Der Inhalt der von Baè unkritisch übernommenen Formulierung, in der Alsalem Israel »reproduktive Gewalt und einen Femizid im Dienst eines Völkermords« vorwirft, wird hingegen als feststehender Fakt präsentiert. Psychologisch knüpft dieses spezifische Motiv – der Vorwurf des gezielten Verhinderns von Geburten und der Attacken auf unschuldiges Leben – an jahrhundertealte, antisemitische Narrative an. Es wird lediglich neu verpackt und so für ein akademisch-progressives Milieu konsumierbar gemacht.

Hier zeigt sich die methodische Asymmetrie des Framings: Während die belastenden UNO-Berichte von Pramila Patten uminterpretiert werden, gelten Alsalems umstrittene Thesen als dogmatische Wahrheit. Wer unkritisch ihr Zitat übernimmt, Israel setze »systematisch sexuelle, reproduktive und andere Formen geschlechtsspezifischer Gewalt« als Kriegsmethode ein, verlässt den Boden einer nüchternen Analyse.

Mit keinem Wort erwähnt der Influencer Baé den Dinah Report (offiziell: A Quest for Justice: October 7 and Beyond), der am 25. Juni 2024 von einer israelischen NGO aus Juristinnen und Genderexpertinnen veröffentlicht wurde. Der symbolträchtige Name Dinah bezieht sich auf die in der Genesis vergewaltigte Tochter Jakobs – ein bewusst gewähltes Motiv für den Anspruch auf Gerechtigkeit und Erinnerung. Der Bericht gilt als umfassendste juristische Aufarbeitung der sexualisierten Gewalt vom 7. Oktober. Er versteht die Taten als strategisch geplante Verbrechen gegen die Menschlichkeit. Seine Methodik ist forensisch: Eidesstattliche Aussagen, medizinische Gutachten und Videomaterial dienen als rechtliche Grundlage für künftige Verfahren, um jede Relativierung des Leids der Opfer zu widerlegen.

Darüber hinaus fällt eine nicht minder gravierende Auslassung Baés ins Gewicht: Seine selektive Quellenauswahl verschweigt, dass die Vereinten Nationen die Hamas – neben anderen bewaffneten palästinensischen Gruppen – aufgrund offizieller Berichte zu konfliktbezogener sexueller Gewalt formell auf ihre globale Schwarze Liste gesetzt haben.
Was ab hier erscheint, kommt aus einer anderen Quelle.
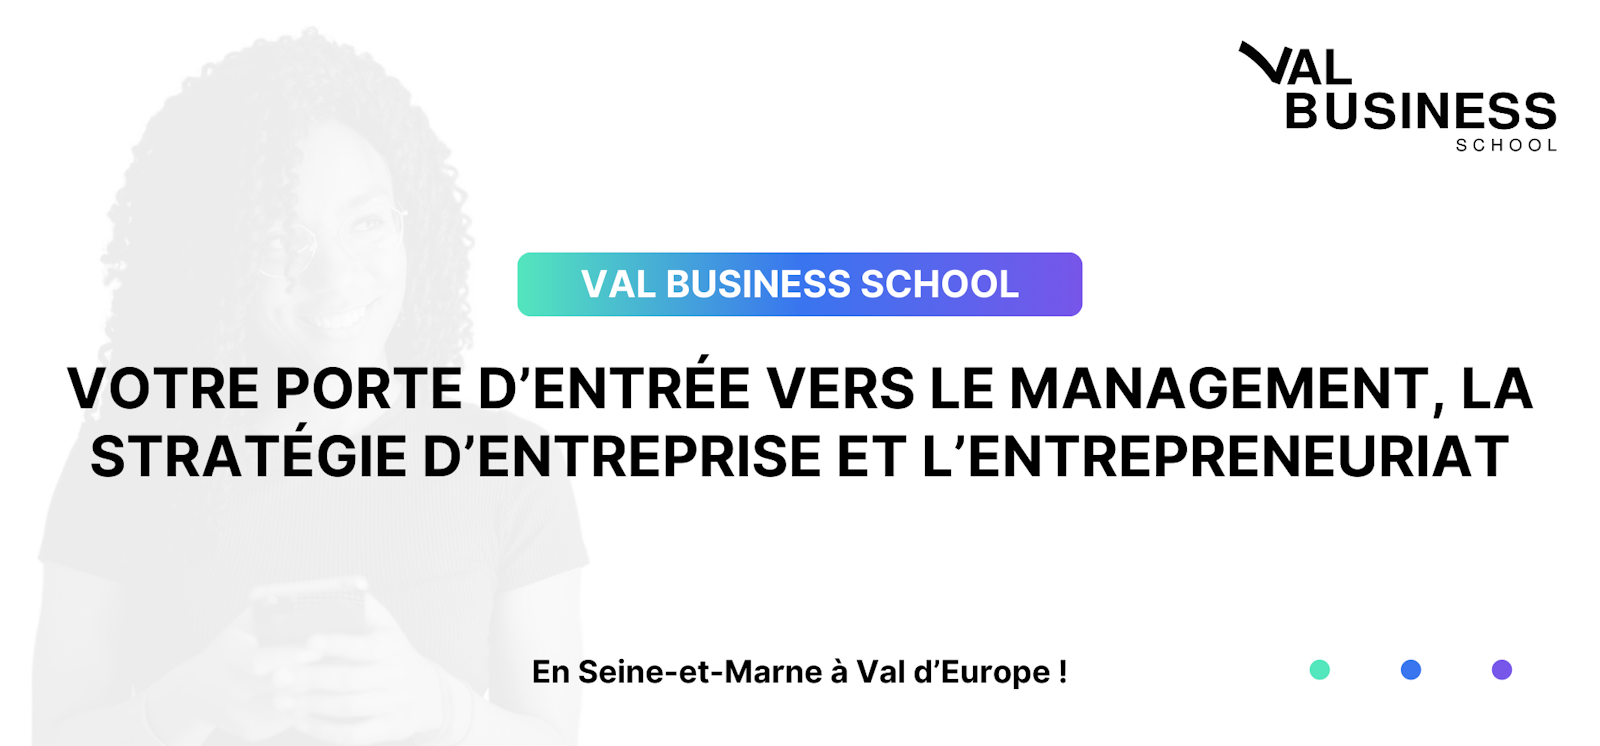 Val Business School : Votre porte d’entrée vers le management, la stratégie d’entreprise et l’entrepreneuriat à Val d'Europe.

Wer den systematischen Einsatz sexualisierter Gewalt als Kriegswaffe durch diese Gruppen ausblendet, entlarvt die eigene Einseitigkeit.

Am 7. Oktober 2023 führte die Hamas die geschändete, halbnackte Leiche der Deutsch-Israelin Shani Louk einem jubelnden Publikum in Gaza vor und filmte sich stolz dabei. Irgendwie hat der vermeintlich um Vollständigkeit bemühte Baé vergessen, diesen Vorfall zu erwähnen. Seine nahezu 500.000 Follower werden es ihm nachsichtig verzeihen. Die »israelkritische« Huldigung seines Postings in der Kommentarspalte lässt ahnen, dass die Auslassung den Löwenanteil seiner Leser nicht stört, sondern vollends in ihren Ansichten bestätigt.